**Work item:** In the entries below, find the line with "Jake Gyllenhaal visits" and the line with "Duke's Seafood Salmon"; reproduce those two lines and all lines between them exactly, without pictures.

**Material provided:**
----
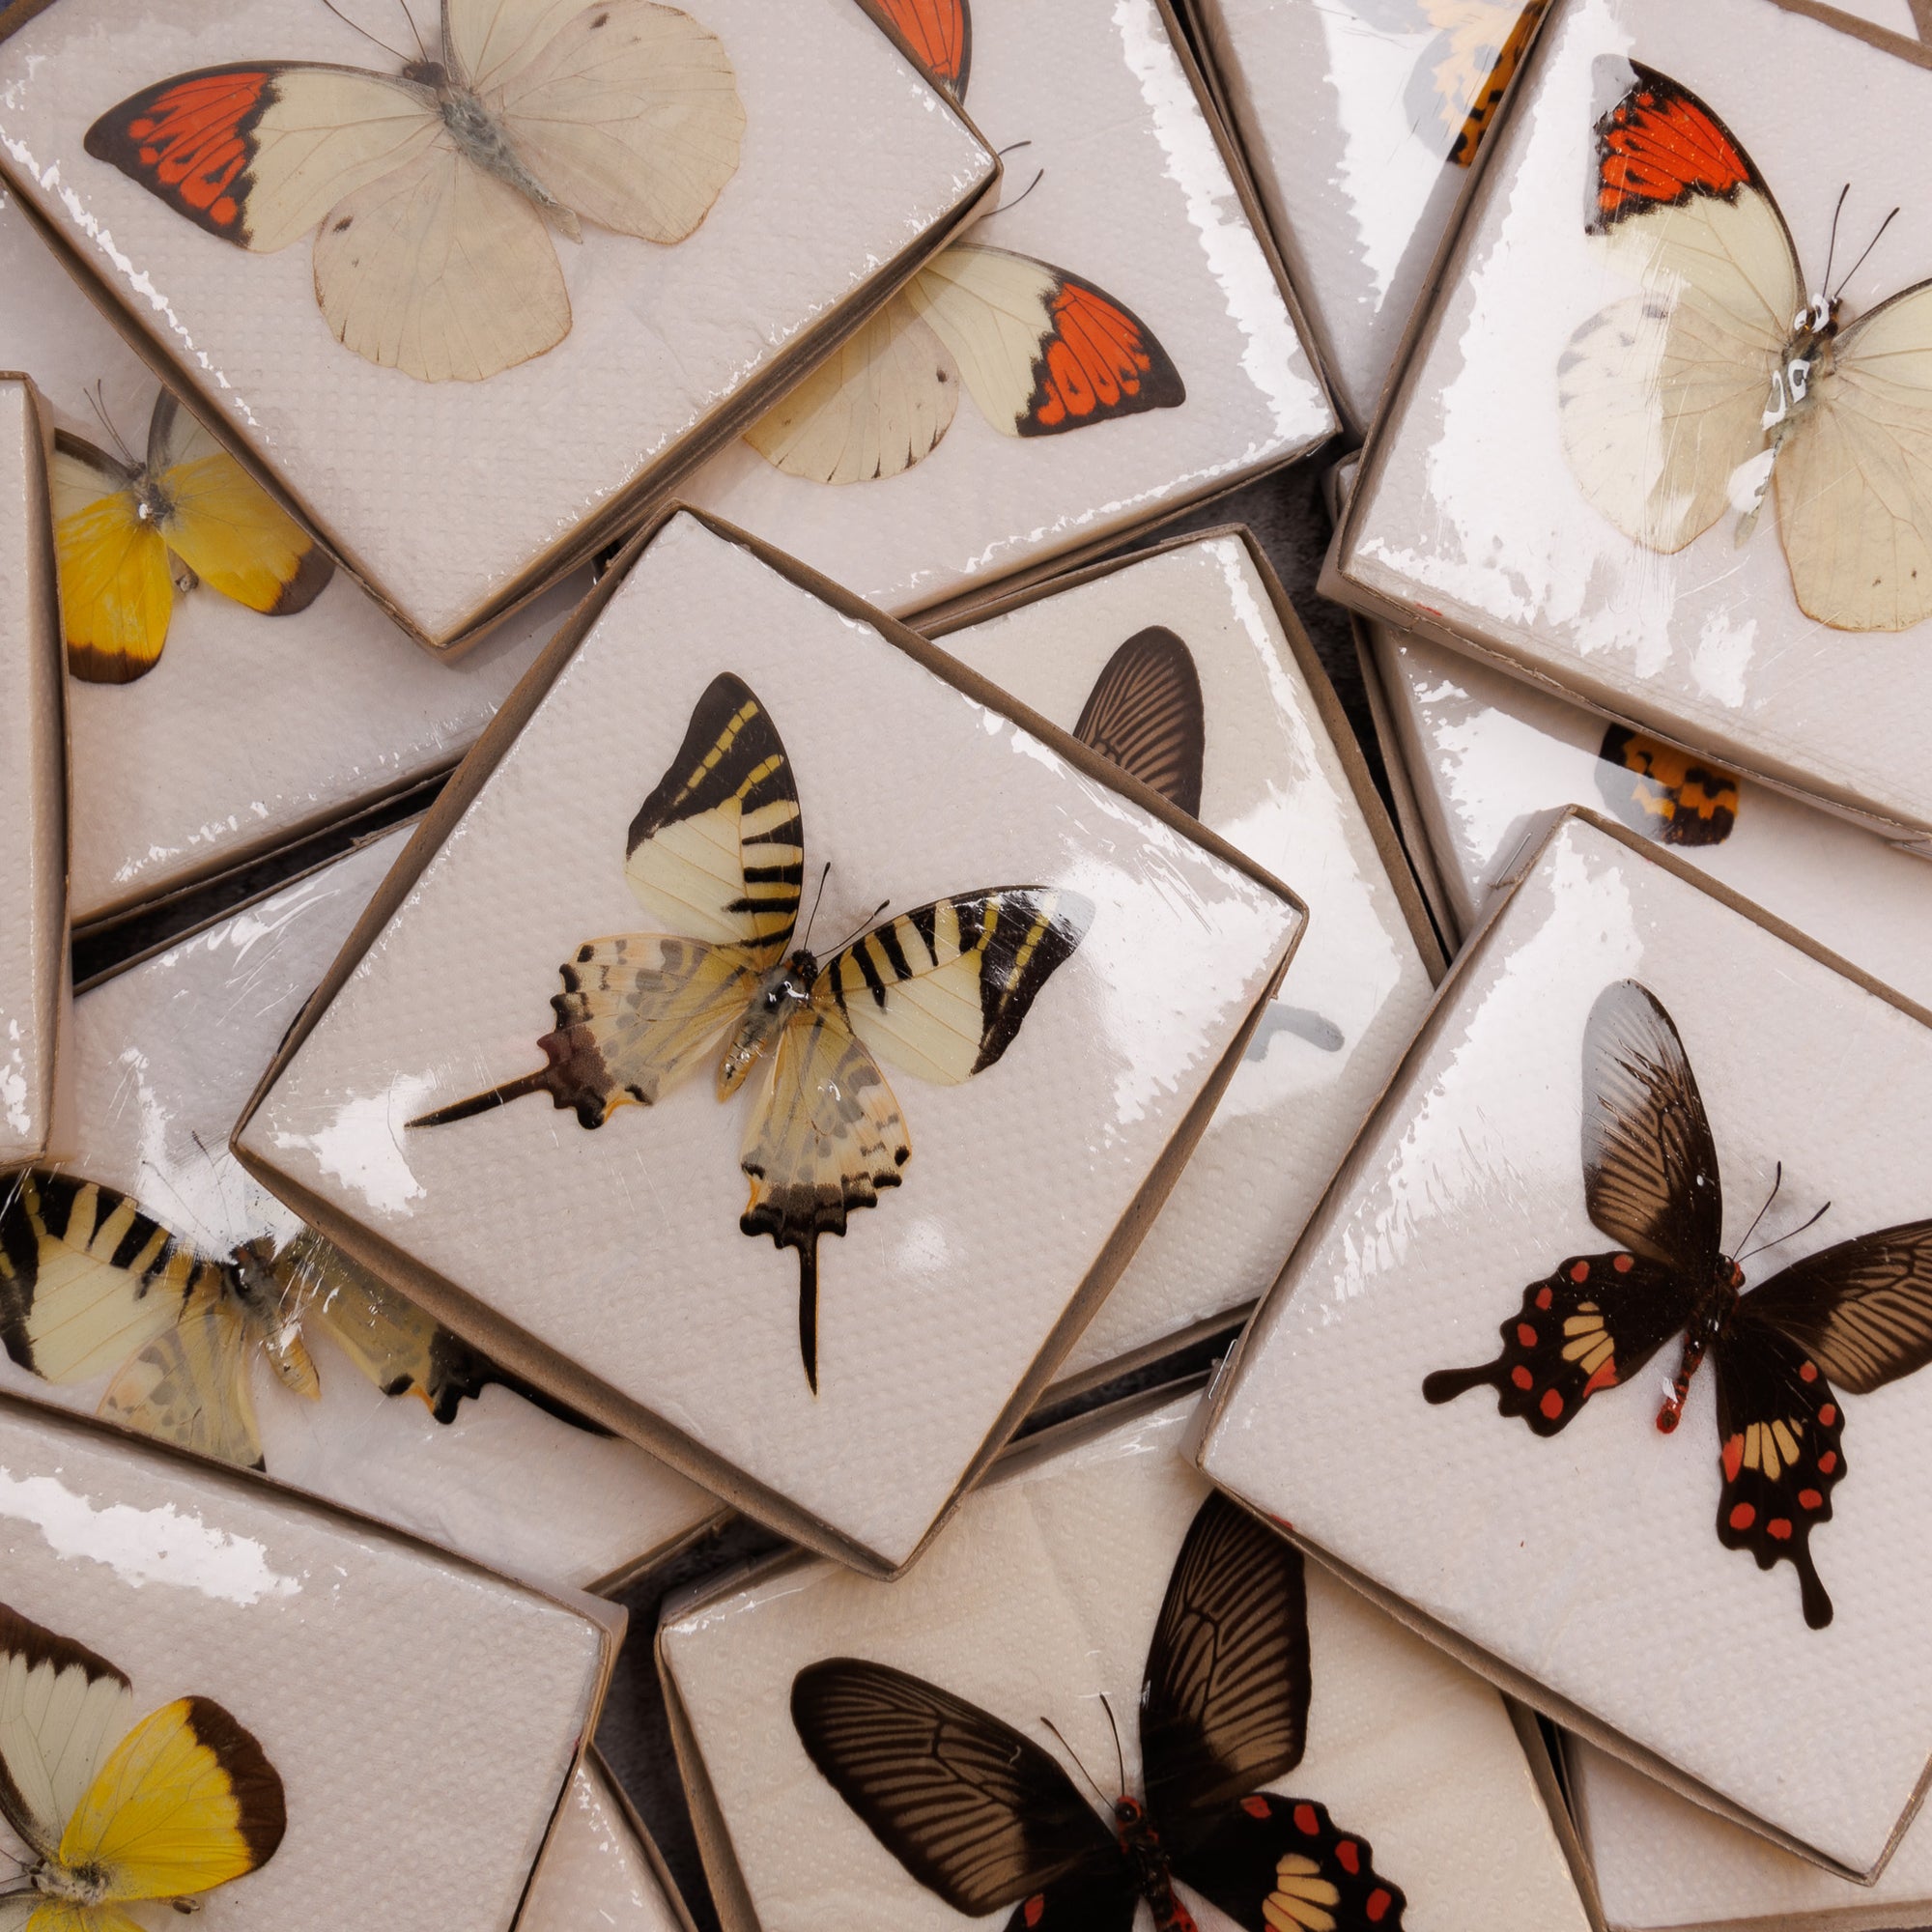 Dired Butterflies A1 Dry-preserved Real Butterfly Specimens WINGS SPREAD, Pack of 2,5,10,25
----
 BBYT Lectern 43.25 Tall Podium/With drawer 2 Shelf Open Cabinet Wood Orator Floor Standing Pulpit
----
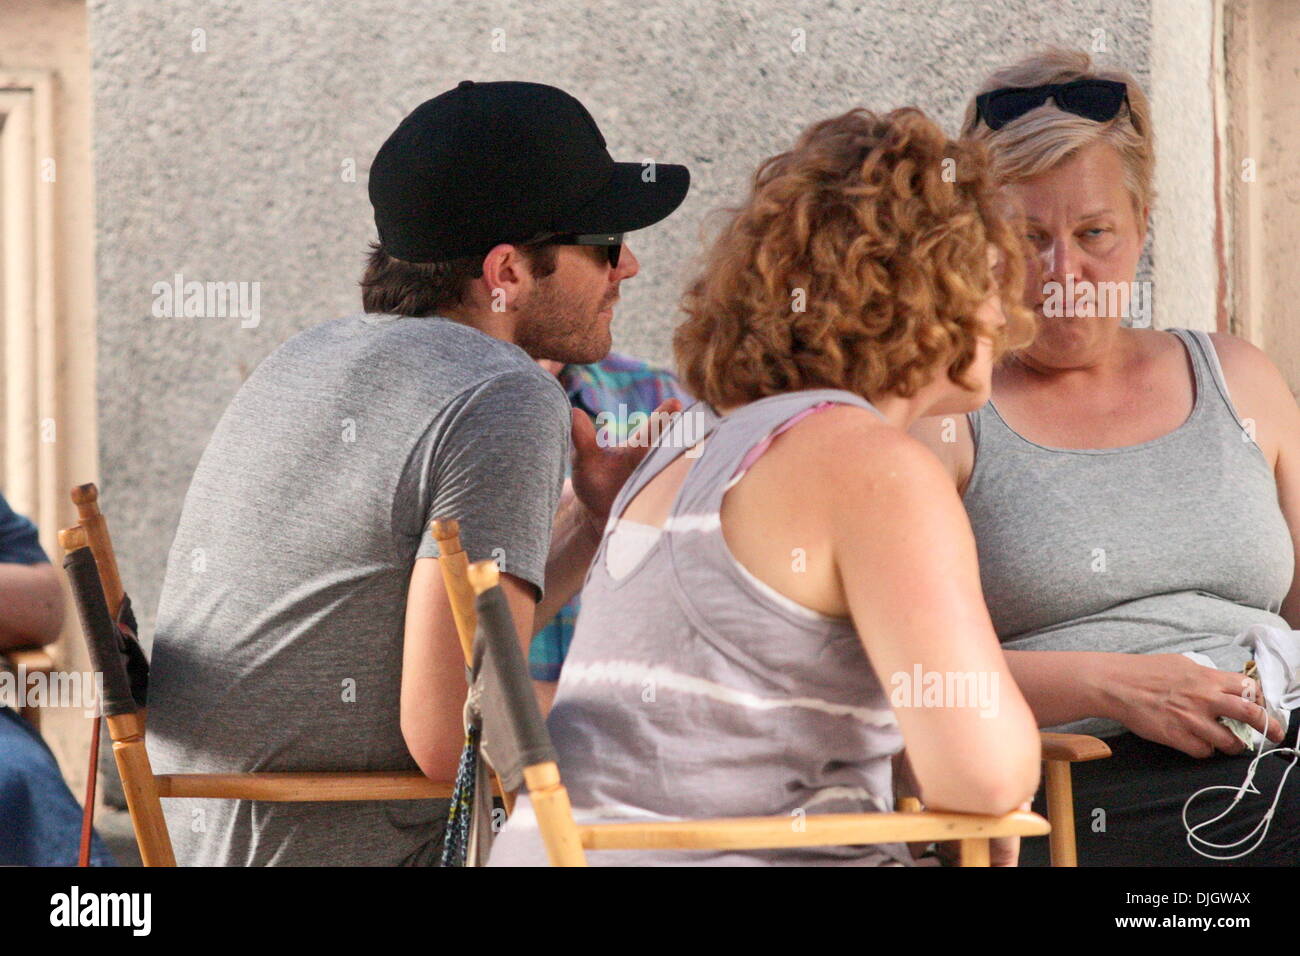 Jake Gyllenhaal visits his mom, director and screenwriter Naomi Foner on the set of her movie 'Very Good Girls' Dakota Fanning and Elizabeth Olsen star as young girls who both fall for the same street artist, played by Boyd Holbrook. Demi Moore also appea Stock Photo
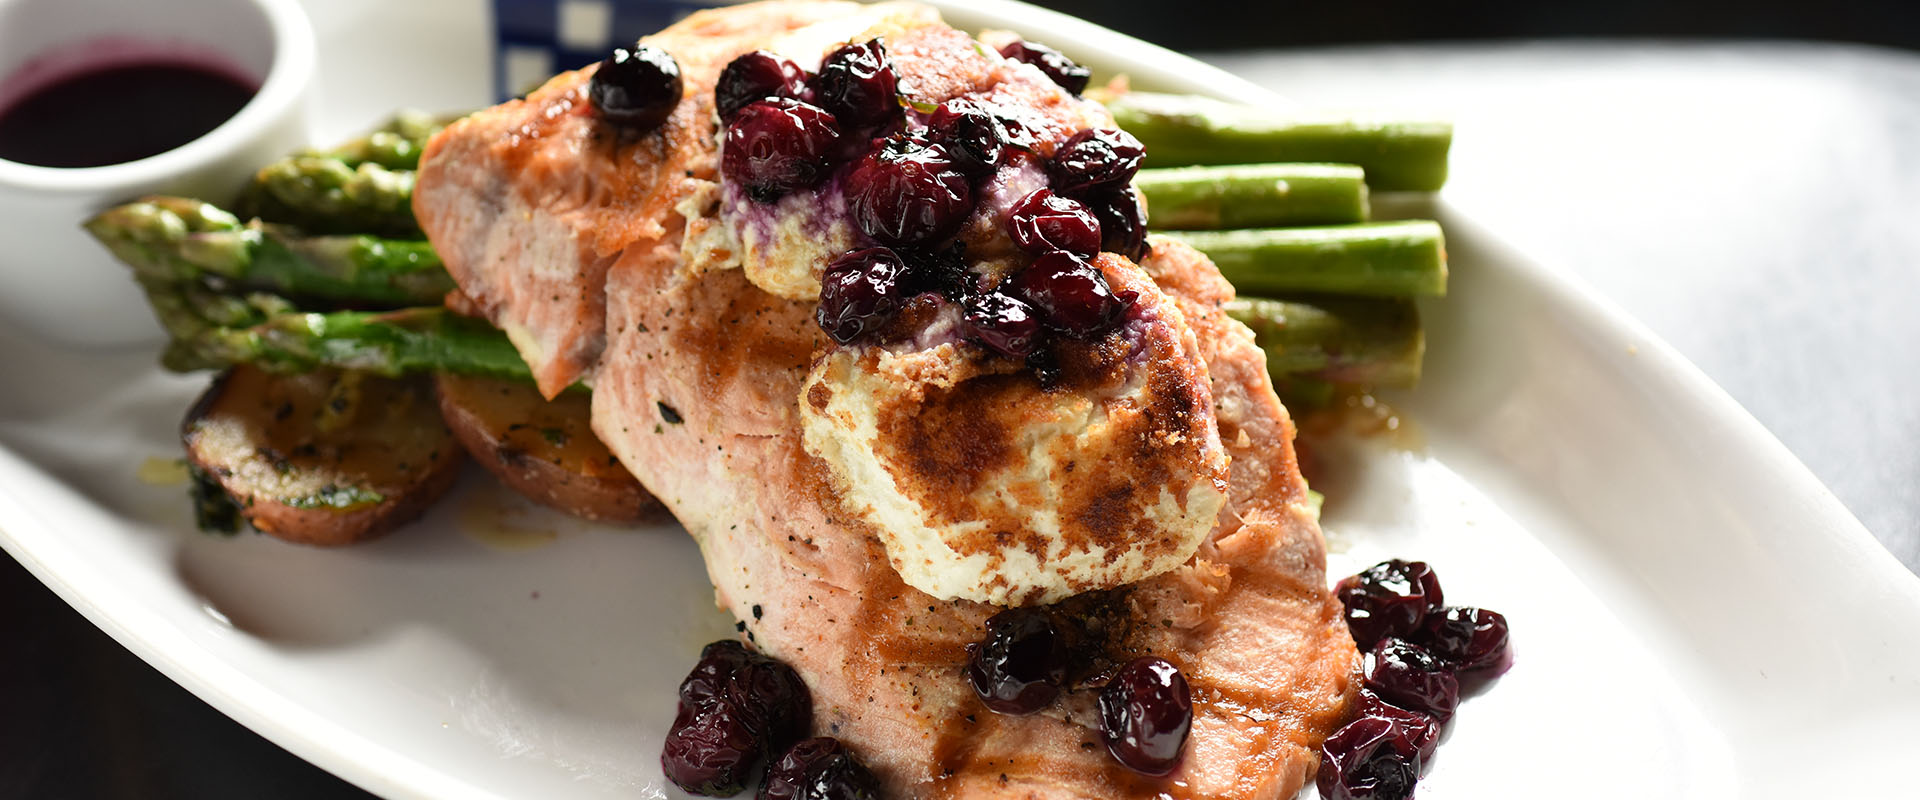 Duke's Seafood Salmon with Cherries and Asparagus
----
**Worked solution:**
 Jake Gyllenhaal visits his mom, director and screenwriter Naomi Foner on the set of her movie 'Very Good Girls' Dakota Fanning and Elizabeth Olsen star as young girls who both fall for the same street artist, played by Boyd Holbrook. Demi Moore also appea Stock Photo
 Duke's Seafood Salmon with Cherries and Asparagus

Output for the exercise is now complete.